= John E. Sunder =

American historian

John E. Sunder (1928-2011) (a.k.a. Jack Sunder) was an American historian, specializing in the early American West, and a naturalist and birdwatcher.

==Personal and professional life==
John Edward Sunder was born in St. Louis, Missouri on October 10, 1928. He graduated with his Bachelor of Arts in 1949, Master of Arts in 1950 and Ph.D. in history in 1954 from Washington University in St. Louis. He joined the United States Army and served in Korea for two years. After returning from Korea, he moved to Austin, Texas in 1956. Sunder started birdwatching in the 1960s. He taught western history at the University of Texas. Sunder's historical research focused on the North American fur trade, the history of the Arctic, Canada, and American Indian history. He was the first person to teach a course about American Indian history in the University of Texas history department. He died in 2011.

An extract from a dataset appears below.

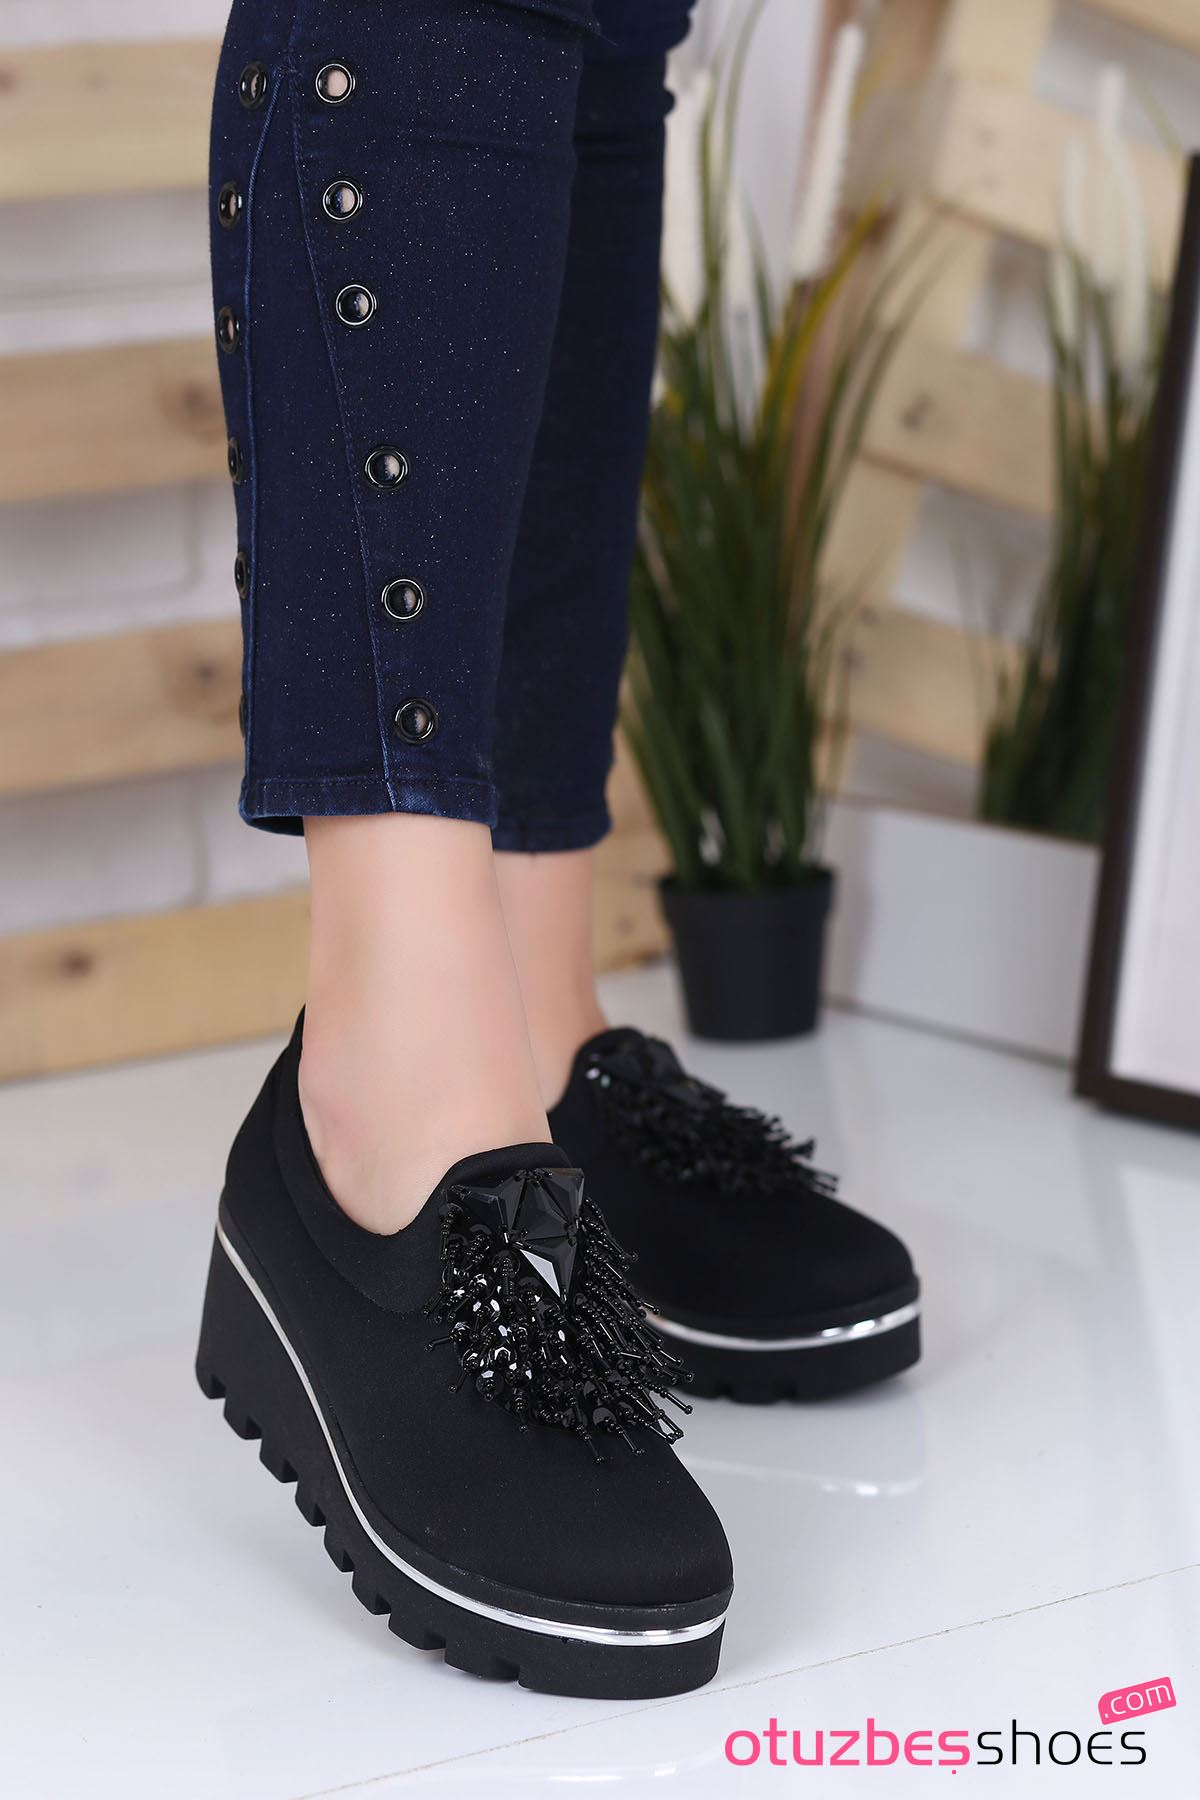 Bratz Püskül Detay Dalgıç Kumaş Dolgu Topuk Ayakkabı Siyah
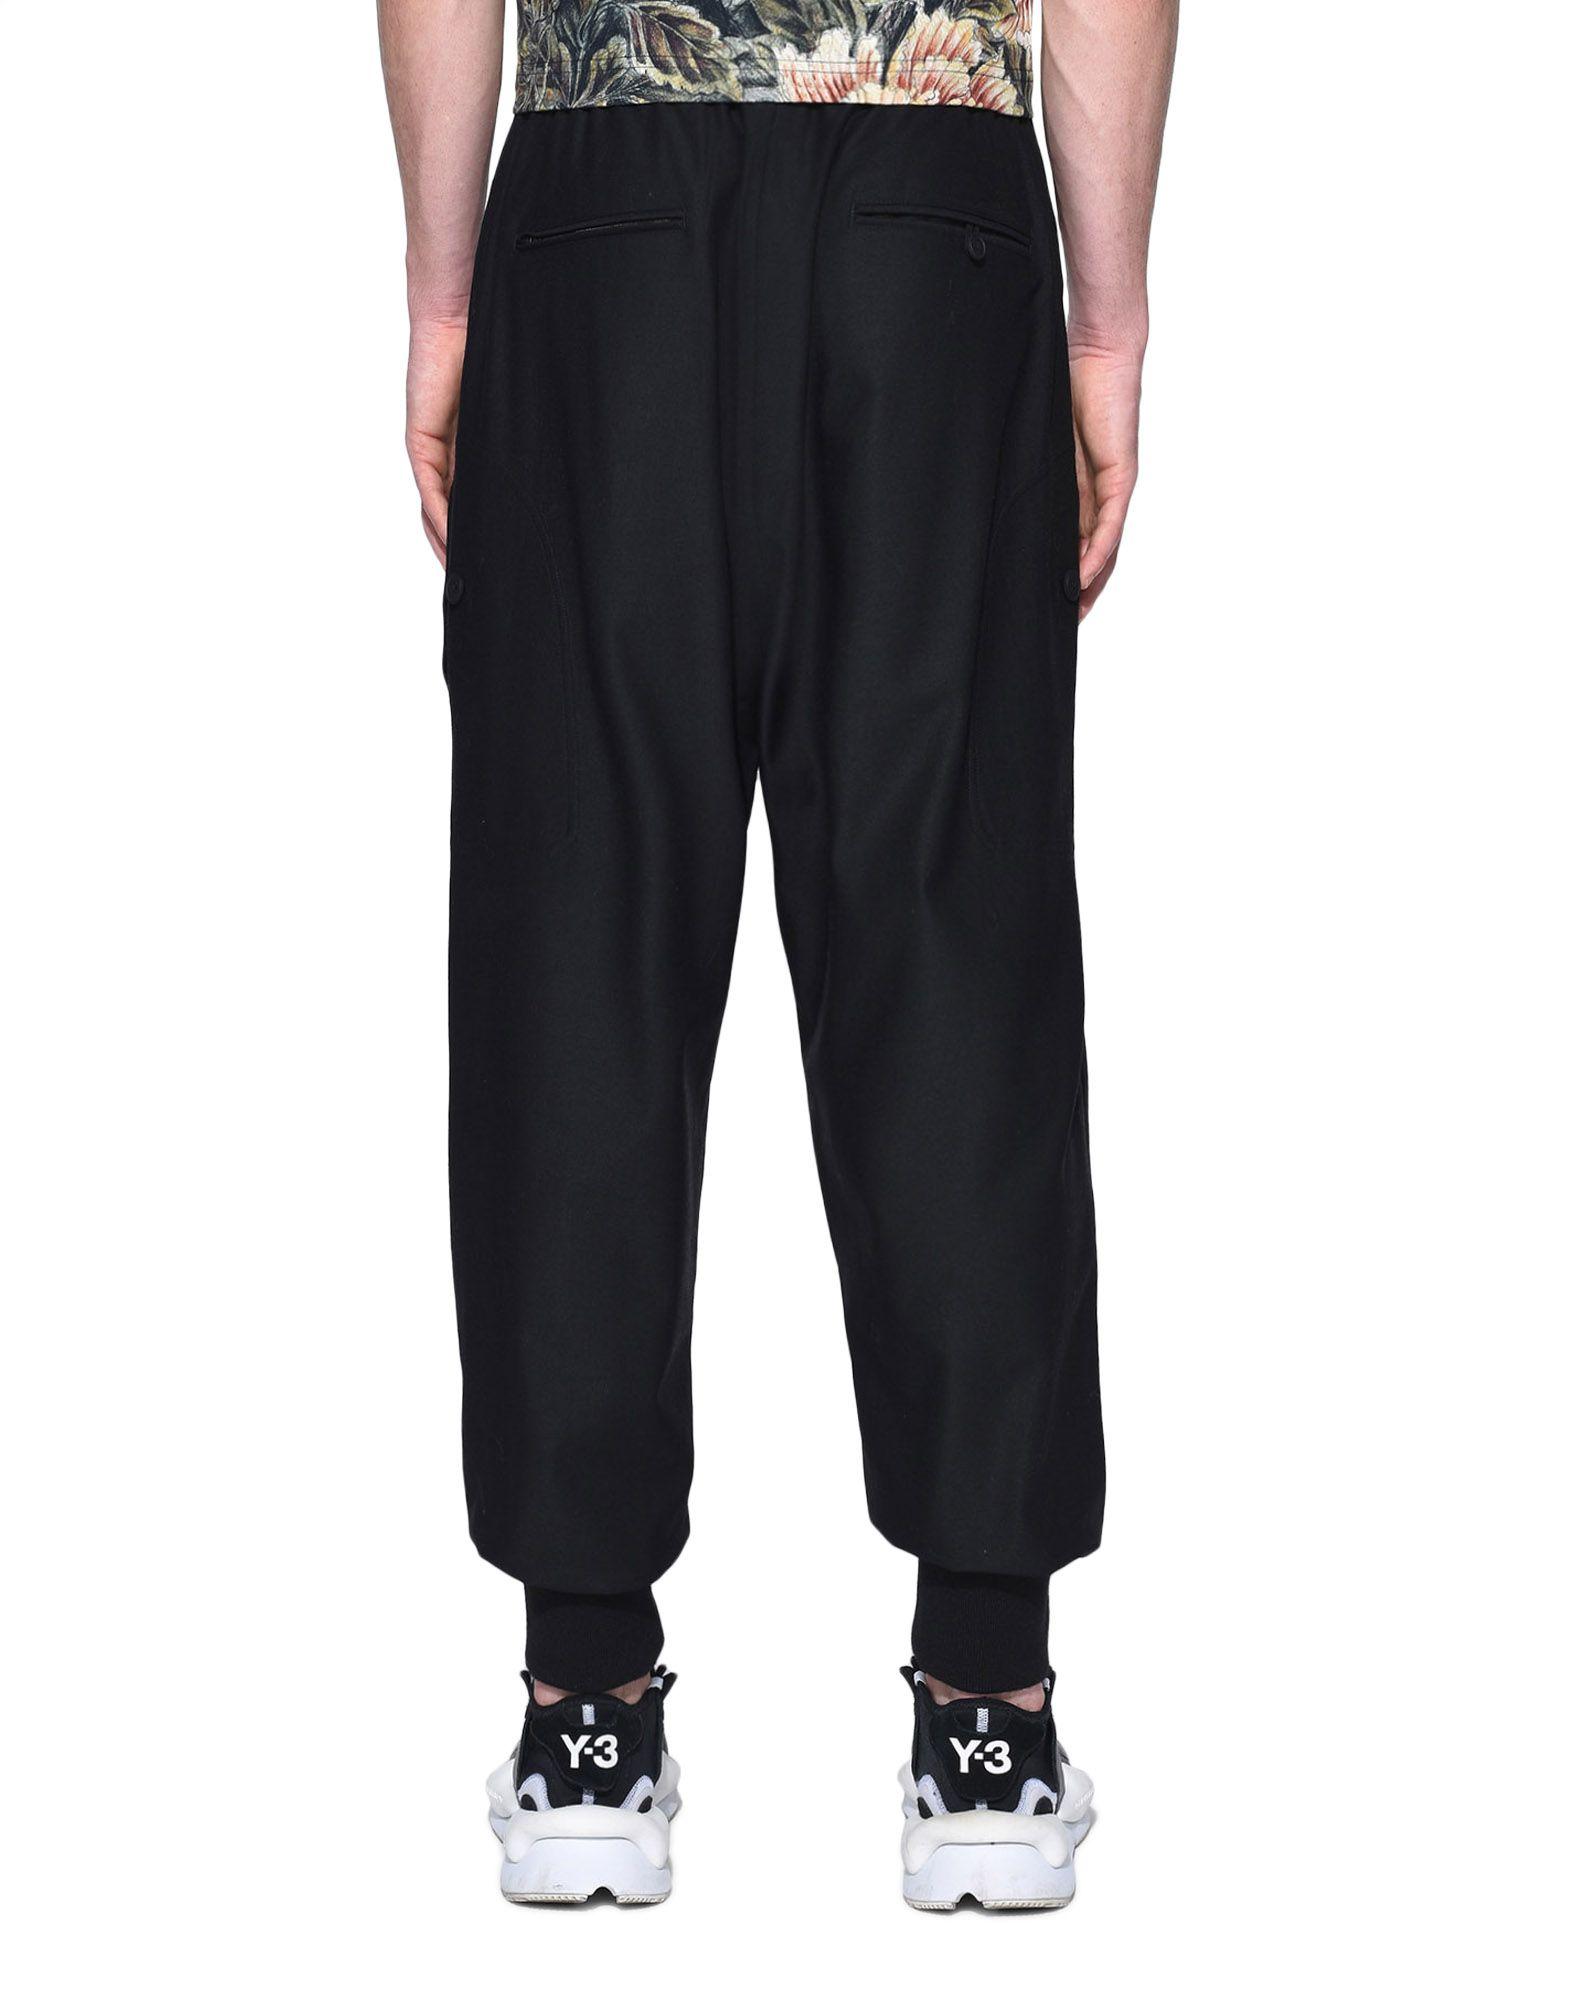 Y-3 Y-3 Quilted Pants Hose Herren d

==Nature writing & birding==
Sunder would become an active birder, in Central Texas, in the 1960s. He co-founded the American Birding Association. He participated in the Christmas Bird Count and was a frequent visitor to Pedernales Falls State Park, Bastrop State Park, McKinney Falls State Park, and Barton Springs. He also birded internationally, visiting New Zealand, South America, Finland and Iceland. He was a member of the Sierra Club and Nature Conservancy.

==Legacy==
Sunder's journals, "Occasional Observations on Nature," are held in the collection of the Austin History Center.
His papers, and a collection of his photographs, are held in the collection of the Dolph Briscoe Center for American History. The University of Alaska Anchorage holds a collection of his photographic slides from trips to Alaska, British Columbia and the Yukon.

He is buried at Austin Memorial Park Cemetery, Austin, Texas.